In Syria, the Muslim population challenged Assad in the 1970s because he belonged to the Alawite sect, which Sunni Muslims regard as non-Islamic. They attempted to assassinate him twice, massacred hundreds of Alawite officials, and destabilized the country for a decade. In response, Assad became a dictator and crushed them in Hama in 1982. From then until 2011, the Assad regime and his son ruled Syria with an iron grip, completely suppressing any manifestation of Islam.
In 2011, with the Arab Spring, jihadists took over the revolution and fought a long war against Assad for fourteen years, until a former leader of ISIS and al-Qaeda emerged as interim president with the blessing of the United States, at the request of Qatar and Saudi Arabia. This incalculated step is catastrophic and threatens to throw the entire region into chaos.

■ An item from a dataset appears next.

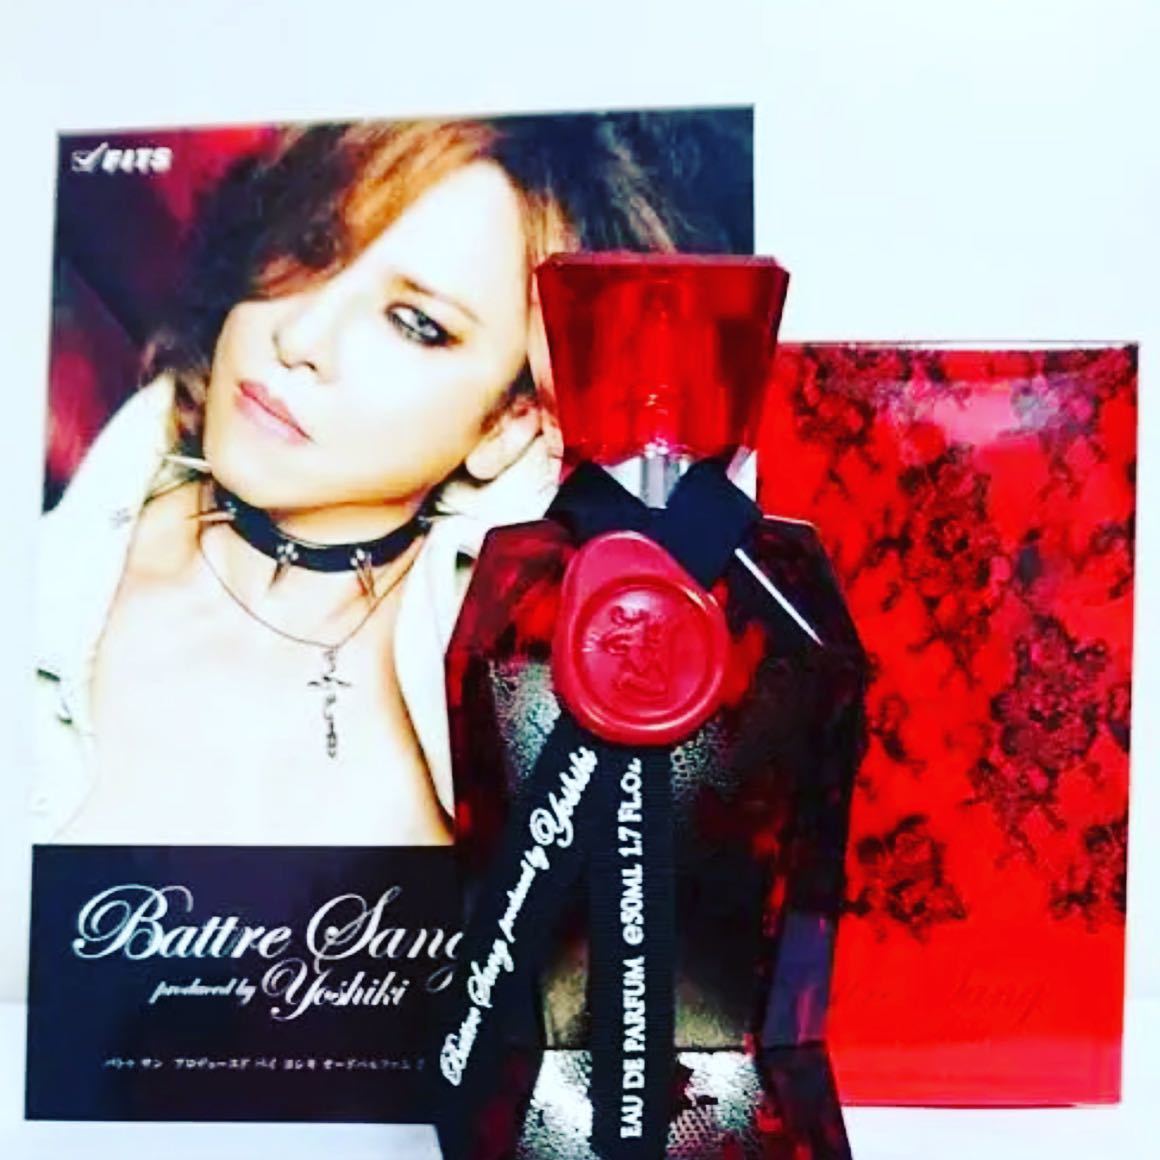 YOSHIKI 香水 バトゥサン オードパルファム X JAPANよしき 新品

The hundreds of thousands of fighters who belonged to ISIS and al-Qaeda during the war, and who have now become the official army, judges, educators, and imams of Syria, have created a catalyst that will force the majority of Sunni Syrians into behavioral reinstatement compatible with this environment. This environment is the materialization of the core beliefs embedded within them.
Sunni Syrians who had acted as obedient citizens under Assad’s suppression, the moment a jihadist regime took power and created an environment suitable for the resurgence of compatible behaviors, declared enmity toward minorities, the Alawites, the Druze, and the Kurds. With very few exceptions, thousands were massacred, kidnapped, raped, and beheaded because the catalyst was activated.
The situation in Syria today is the culmination and incarnation of what the Palestinian cause has represented in the imagination of Muslims worldwide. Palestine functions as a catalyst for the surfacing of enmity toward Jews, an enmity embedded in the core identity of Muslims across the world.
The legitimization of a jihadist regime in Syria, even if al-Sharaa is a CIA asset, is the perfect formula for taking millions of children who grew up in violent environments, whose behavior was merely contained, and placing them back into a violent environment capable of reinstating those behaviors. The result will be the rapid transformation of the country into a hub for terrorism.